Despite being, in my opinion, the most beautiful city in the world, Cape Town faces a number of potential crises - environmental, political and health-related.
The combination of fynbos, our very unique, dry and fire-loving indigenous fauna, and the creative use of electric wires in informal settlements puts us at special risk for fire damage. Politically, we're one of the most unstable regions in the country, changing party leadership at every election. And inequality is especially evident when one compares a suburb on one side of the traintracks to the one on the other. The health problems here can be almost completely accounted for by substances and tuberculosis.
And it is possible that, in the near future, we will face an
outbreak of extremely drug-resistant tuberculosis (XDR-TB).
XDR-TB is the abbreviation for extremely drug-resistant tuberculosis, also called extensively drug-resistant tuberculosis. One in three people in the world is infected with dormant TB germs.

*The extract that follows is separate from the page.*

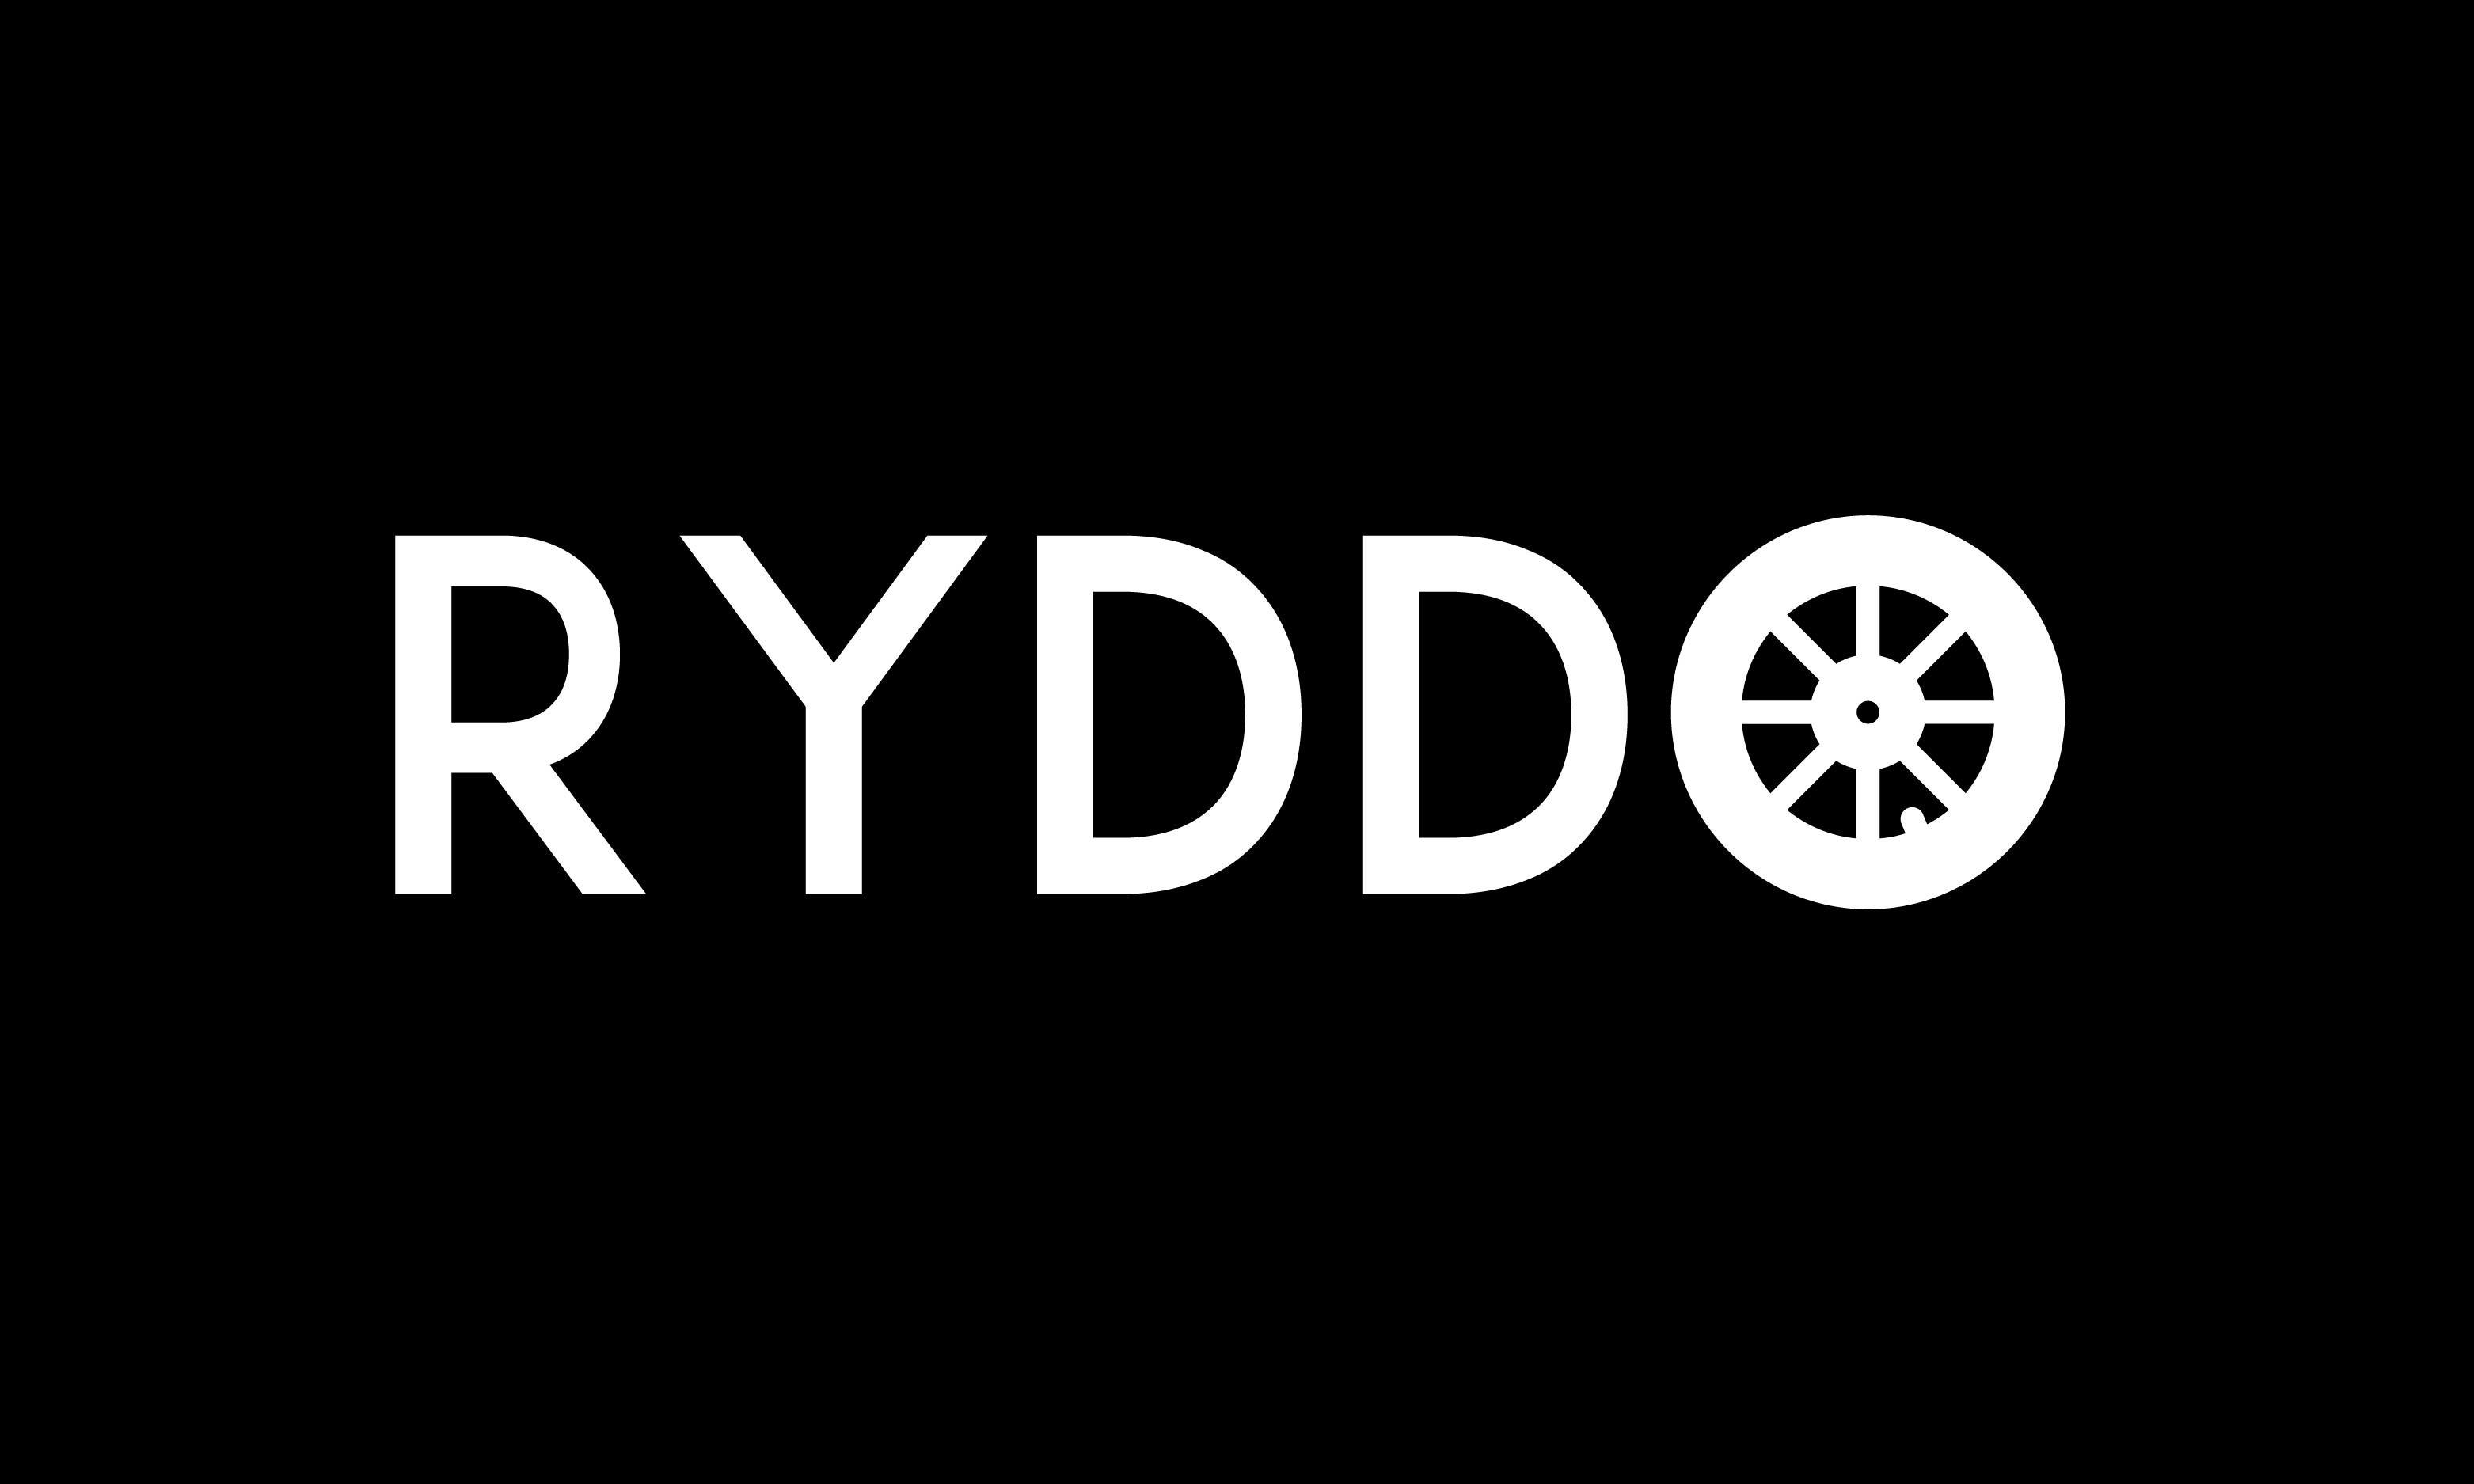 Ryddo.com

Only when the bacteria become active do people become ill with TB. Bacteria become active asa result of anything that can reduce the person’s immunity, such as HIV, advancing age or some medical conditions.TB can usually be treated with a course of four standard, or "first-line," anti-TB drugs. If these drugs are misused or mismanaged, multidrug-resistant TB (MDR-TB) can develop. MDR-TB takes longer to treat, and requires "second-line" drugs that are more expensive and have more side effects. XDR-TB can develop when these second-line drugs are also misused or mismanaged and become ineffective. Treatment options for XDR-TB are seriously limited.Many people think of TB as a disease of the past, but in 2007 alone, TB killed 1.7 million people. That’s 4,660 deaths a day, or one death from TB every 20 seconds. TB is the leading killer of people with HIV: Individuals are able to live with HIV but are dying from TB. Without proper treatment, 90% of those living with HIV die within months of contracting TB.In this context, Ushahidi would be an excellent tool for a public health/infection control programme. Doctors, nurses and community health workers could notify a central hub via sms, gathering the following information:
- Time and location of seeing patient
- Symptoms and severity
- Tuberculin skin test (does the patient have tuberculosis?)
- Treatment and adherence
If a certain format was designed and agreed upon, this information could be encoded in numbers or suitable abbreviations.
e.g. indicate how many of the following signs and symptoms the patient displays: cough for 3 months, coughing up blood, night sweats, weight loss...
OR cough for 3 months = cghX3mths
This information would inform resource distribution; where drugs, masks and medical teams should be sent. Also, it will allow some level of prediction as to how the outbreak is likely to spread.
By educating health care workers to use the service, one lessens the likelihood of receiving false information, as this is simply a case of performing disease notification in a more efficient way.